##### Data shown

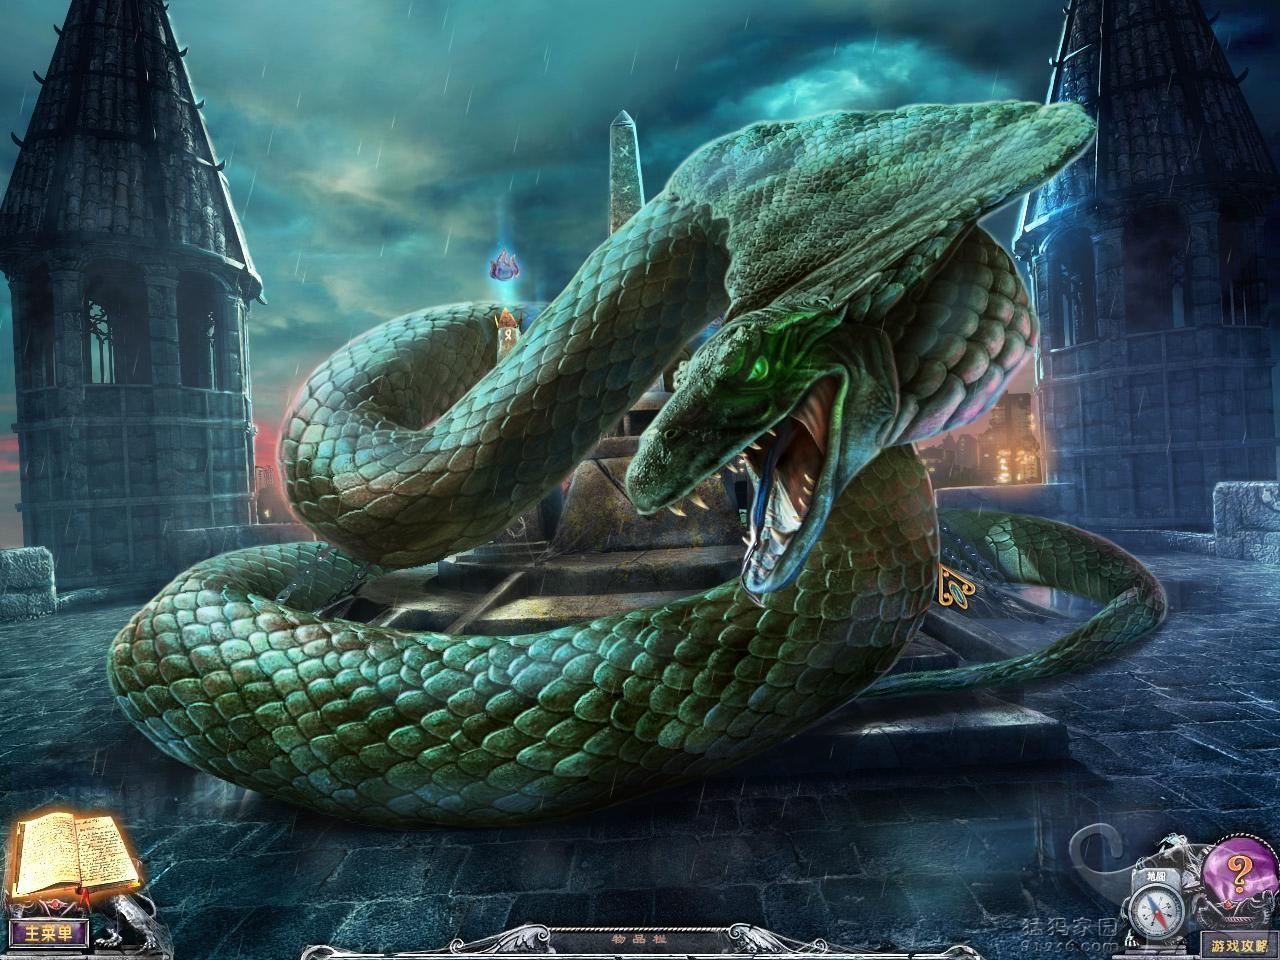 《千户之屋3:巨蛇烈焰》免安装中文绿色版
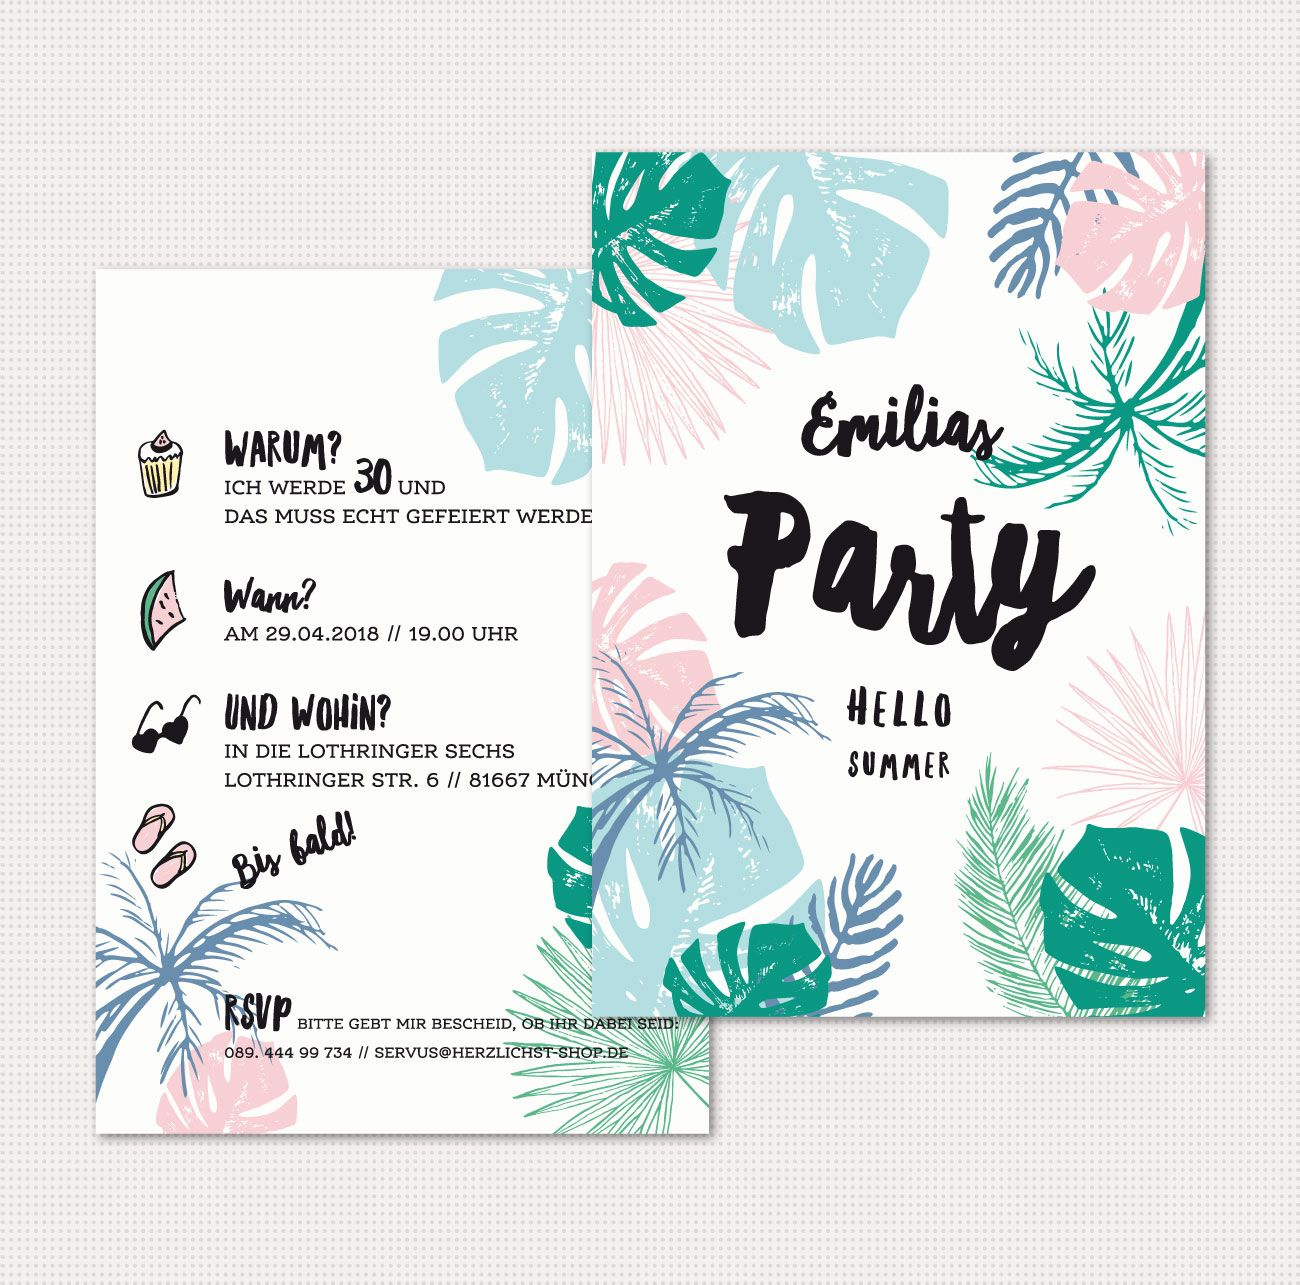 Einladung Geburtstagskarten Hello Summer Geburtstagskarten Hello Summer Geburtstagsplakat Jungle Geburtstagskarte Einladung Geburtstag Basteln Einladungen
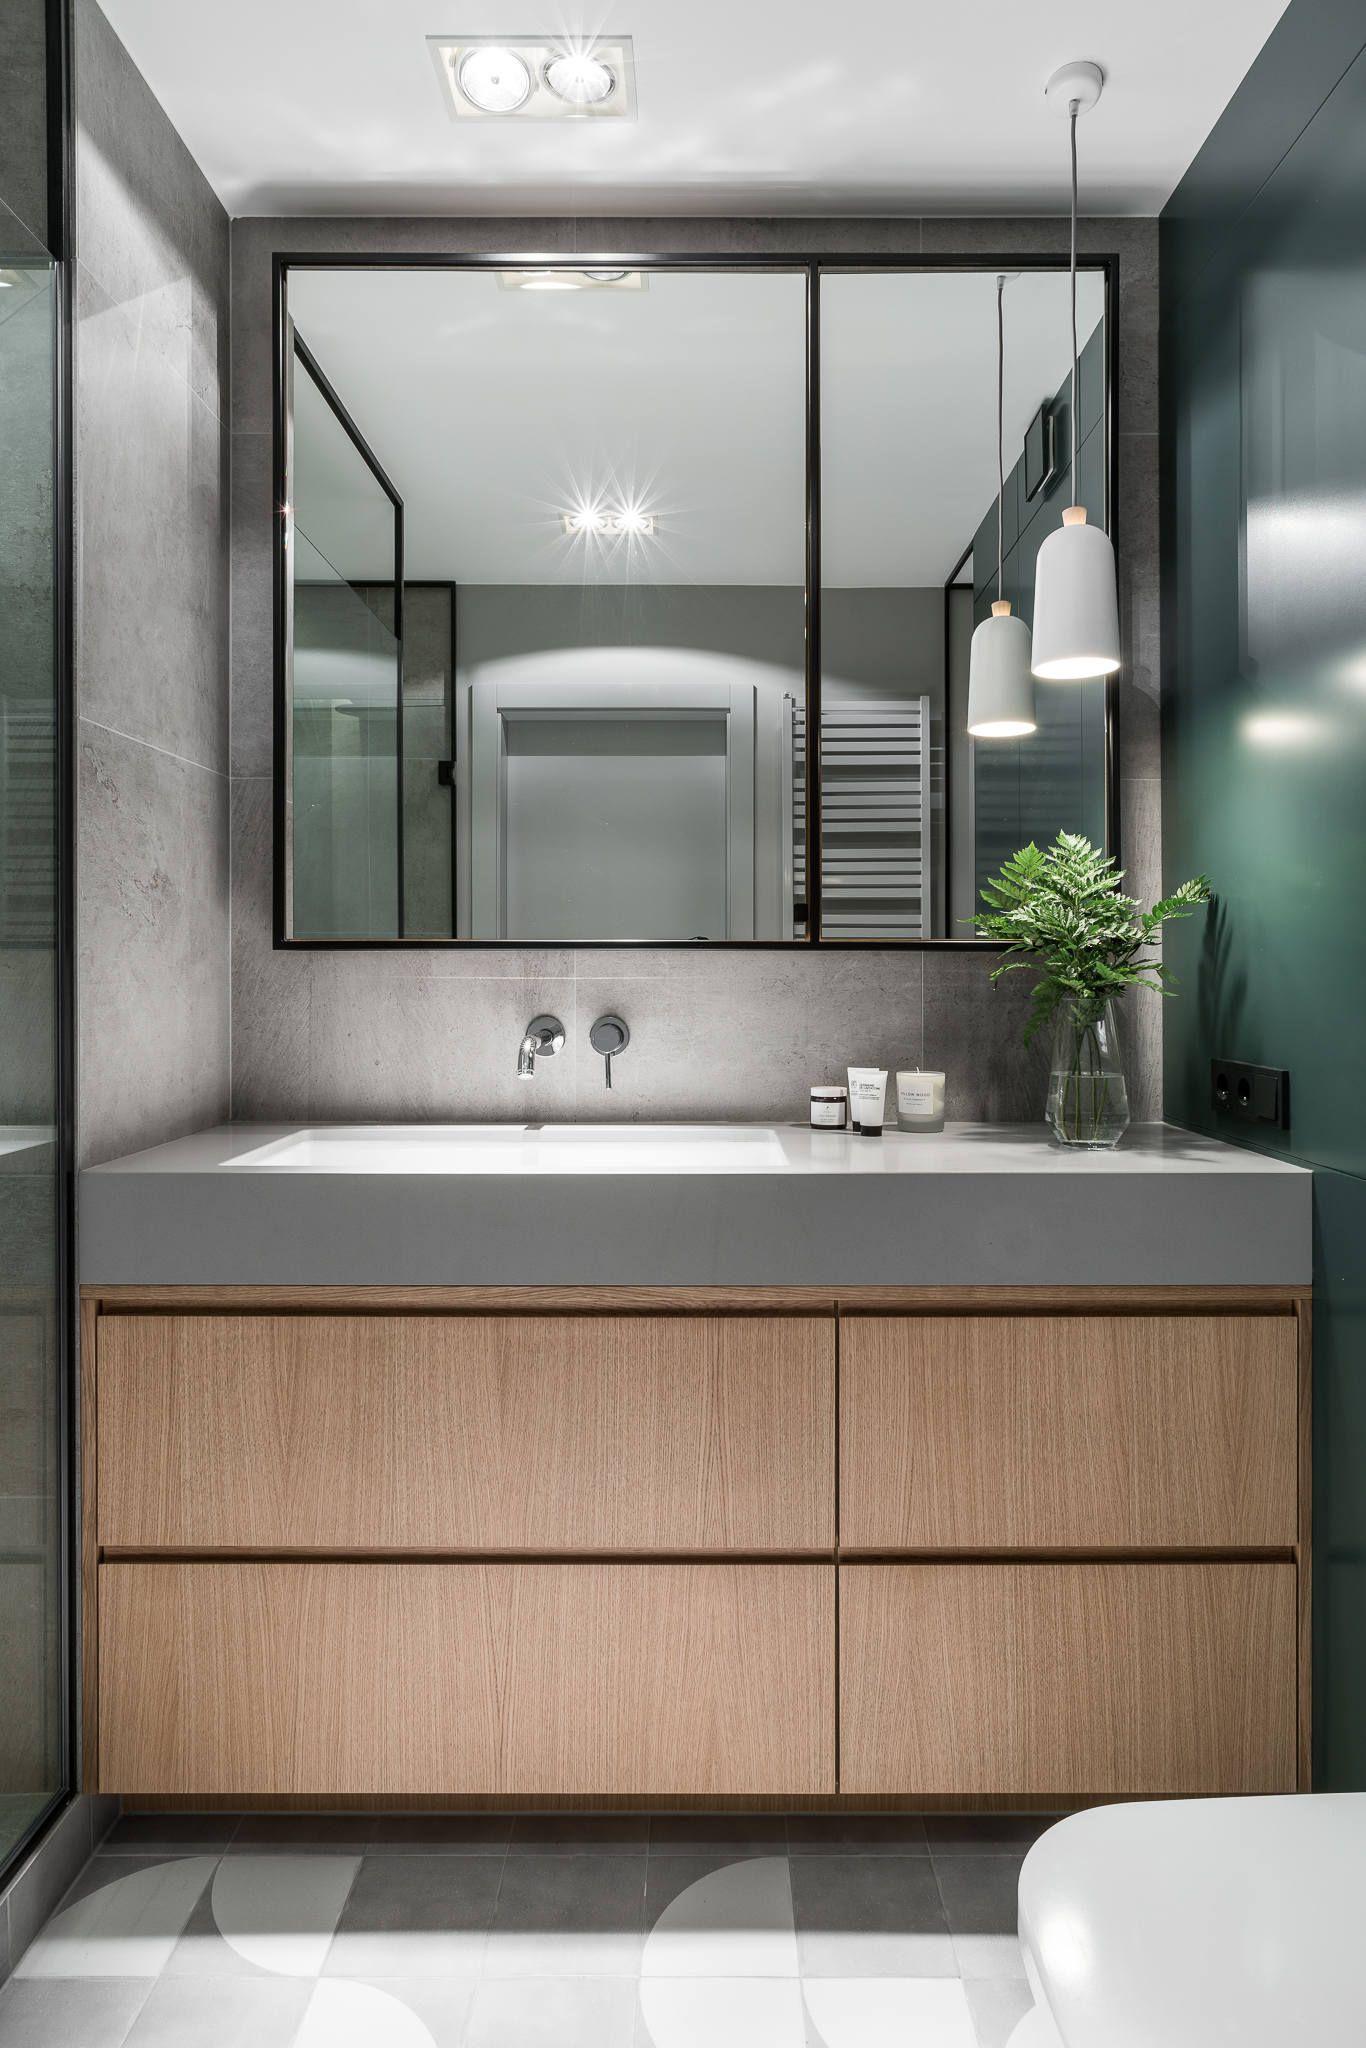 033 Beniowskiego Apartment Raca Architekci Homeadore Badezimmer Dekor Inneneinrichtung Apartments Badezimmer Design

##########

▸ **What to do**: When copying, output the data exactly and leave out the pictures.

▸ **Solution to the exercise**:
 《千户之屋3:巨蛇烈焰》免安装中文绿色版
 Einladung Geburtstagskarten Hello Summer Geburtstagskarten Hello Summer Geburtstagsplakat Jungle Geburtstagskarte Einladung Geburtstag Basteln Einladungen
 033 Beniowskiego Apartment Raca Architekci Homeadore Badezimmer Dekor Inneneinrichtung Apartments Badezimmer Design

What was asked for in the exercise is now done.